Background: PurSil^®35 is a silicone-urethane copolymer evaluated as a cardiac lead insulation with an overall composition of approximately 35wt% silicone. PurSil^®35 uses the same raw materials as Elasthane^® polyurethane, already used as insulation in production leads, with the addition of silicone polymers. Silicone is incorporated into the polymer backbone and, in addition, the ends of some of the copolymer chains are terminated with silicone Surface-Modifying End Groups™ (SME). Polyurethane SME materials have been shown to enhance biostability and provide desirable surface characteristics (e.g., lubricity, reduced cellular adhesion and proliferation).

Purpose: Excellent accelerated environmental stress cracking (ESC) and metal ion oxidation (MIO) performance in 2-year rabbit studies has previously been summarized. This evaluation presents the PurSil^®35 biostability results from two and five year canine studies conducted on lead insulations of various prototype configurations including coaxial, overlay and multilumen, representative of future product. 
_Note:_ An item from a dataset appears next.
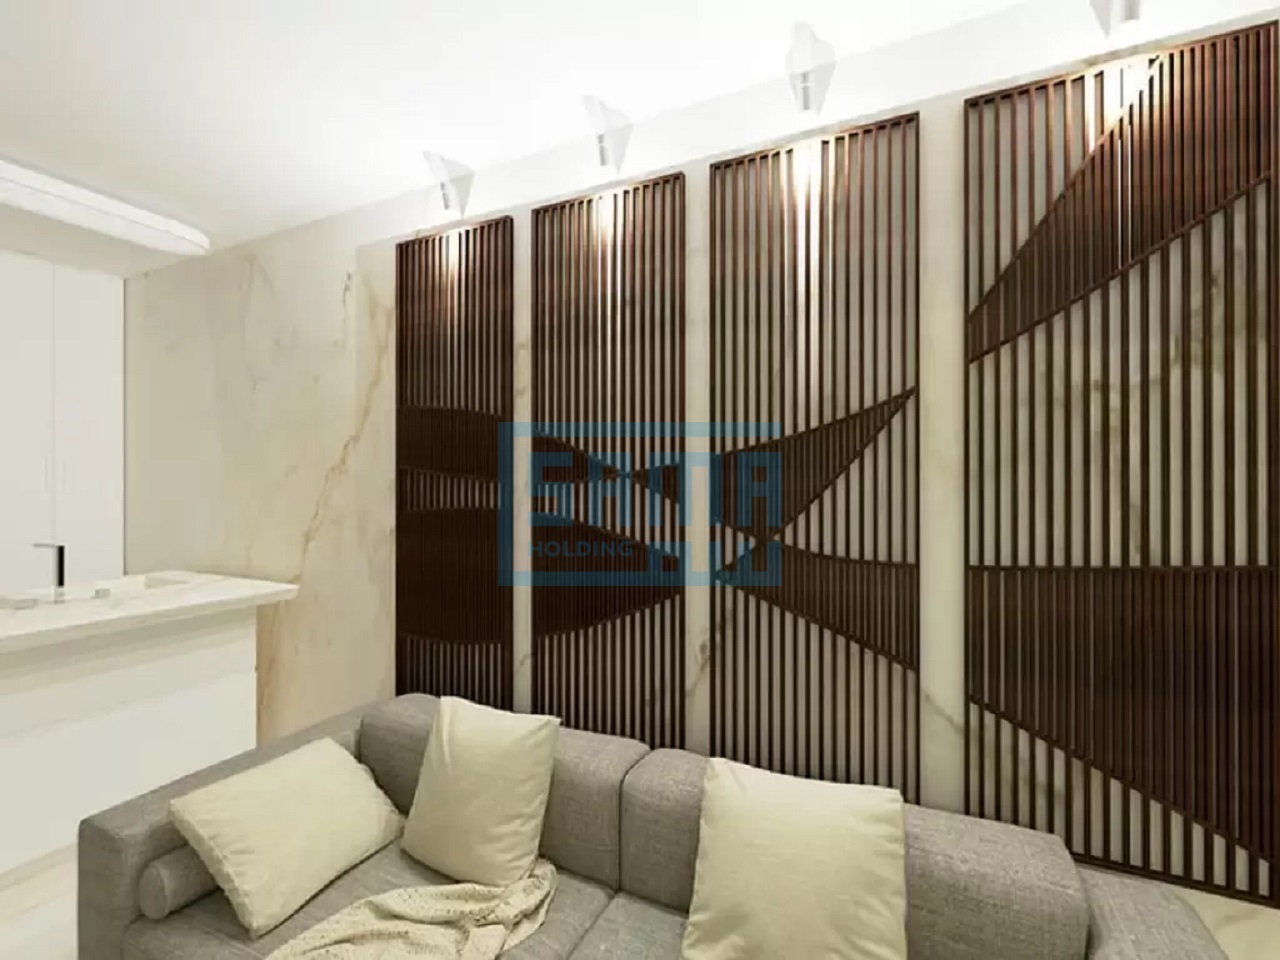 2 Bedrooms Apartment for Sale in Abu Dhabi in Al Raha Beach

Methods:  The first canine study evaluated an overlay configuration. Twenty-seven leads were implanted in nine canines. The second canine study evaluated co-axial and multilumen configurations. Twenty-eight leads were evaluated from ten canines after two years of implant and twenty-four leads were evaluated from eight canines after five years of implant.  Explanted leads were analyzed by visual observation, SEM, tensile testing, GPC, FTIR, and DSC.

Summary:  The results demonstrated that PurSil^®35 biostability in a variety of lead body configurations is comparable to high modulus 55D polyurethane controls. 

Conclusions:  The incorporation of silicone within the backbone of the polymer and on the chain ends results in a copolymer that possesses a more desirable lower modulus with comparable biostability to high modulus 55D polyurethane materials. A lower modulus lead insulation material translates into a lead that is more compliant (better handling, steerability).  This PurSil^®35 material also provides unique surface properties improving lubricity and chronic cellular response to the implanted lead.